Task details
Go to the line holding "VERGE ACROBAT ECLIPSE" in the entries below and write out exactly every line down to and including the line holding "Overhead view of".

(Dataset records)
[Start of Attachment]

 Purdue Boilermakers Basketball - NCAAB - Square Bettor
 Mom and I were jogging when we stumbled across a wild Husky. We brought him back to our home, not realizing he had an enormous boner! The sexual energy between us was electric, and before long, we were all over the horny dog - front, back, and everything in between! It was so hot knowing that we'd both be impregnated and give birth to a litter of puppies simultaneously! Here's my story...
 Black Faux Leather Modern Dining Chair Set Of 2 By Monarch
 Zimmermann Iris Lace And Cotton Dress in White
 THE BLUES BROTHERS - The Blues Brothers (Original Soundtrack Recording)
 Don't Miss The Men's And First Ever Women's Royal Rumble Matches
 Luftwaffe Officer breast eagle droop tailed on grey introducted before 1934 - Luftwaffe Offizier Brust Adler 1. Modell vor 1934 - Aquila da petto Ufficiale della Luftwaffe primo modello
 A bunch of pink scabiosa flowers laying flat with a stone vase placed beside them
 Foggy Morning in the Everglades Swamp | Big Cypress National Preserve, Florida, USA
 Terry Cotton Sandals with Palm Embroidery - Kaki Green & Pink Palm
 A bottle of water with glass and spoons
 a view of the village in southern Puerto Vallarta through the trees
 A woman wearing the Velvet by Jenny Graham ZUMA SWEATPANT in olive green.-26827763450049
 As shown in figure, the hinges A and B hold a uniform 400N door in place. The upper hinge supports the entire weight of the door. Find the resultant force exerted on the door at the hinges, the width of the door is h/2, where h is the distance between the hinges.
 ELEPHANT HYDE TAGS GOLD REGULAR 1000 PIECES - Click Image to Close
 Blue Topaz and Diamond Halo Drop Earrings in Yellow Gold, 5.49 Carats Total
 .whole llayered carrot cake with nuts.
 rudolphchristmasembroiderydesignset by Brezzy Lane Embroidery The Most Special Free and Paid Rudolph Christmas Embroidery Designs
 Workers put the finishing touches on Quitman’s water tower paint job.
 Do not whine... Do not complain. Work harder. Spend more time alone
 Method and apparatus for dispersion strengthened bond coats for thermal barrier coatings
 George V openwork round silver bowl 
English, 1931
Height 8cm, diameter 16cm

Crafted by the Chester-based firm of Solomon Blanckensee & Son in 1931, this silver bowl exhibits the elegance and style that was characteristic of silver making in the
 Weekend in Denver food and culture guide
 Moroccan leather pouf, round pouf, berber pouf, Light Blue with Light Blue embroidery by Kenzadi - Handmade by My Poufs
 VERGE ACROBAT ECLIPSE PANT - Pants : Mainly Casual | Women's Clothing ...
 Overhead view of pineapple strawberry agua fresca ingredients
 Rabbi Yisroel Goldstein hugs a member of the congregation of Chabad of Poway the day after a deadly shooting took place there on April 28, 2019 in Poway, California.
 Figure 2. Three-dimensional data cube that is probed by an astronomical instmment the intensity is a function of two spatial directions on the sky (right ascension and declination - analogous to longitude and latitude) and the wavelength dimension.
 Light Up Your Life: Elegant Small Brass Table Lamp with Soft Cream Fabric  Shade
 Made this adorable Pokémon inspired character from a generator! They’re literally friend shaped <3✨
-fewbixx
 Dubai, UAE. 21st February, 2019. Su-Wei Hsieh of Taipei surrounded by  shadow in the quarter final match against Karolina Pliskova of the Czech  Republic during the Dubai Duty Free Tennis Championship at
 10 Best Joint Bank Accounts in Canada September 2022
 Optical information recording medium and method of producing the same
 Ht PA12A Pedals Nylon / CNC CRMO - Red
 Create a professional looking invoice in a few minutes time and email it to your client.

[End of Attachment]

Finished exercise
 VERGE ACROBAT ECLIPSE PANT - Pants : Mainly Casual | Women's Clothing ...
 Overhead view of pineapple strawberry agua fresca ingredients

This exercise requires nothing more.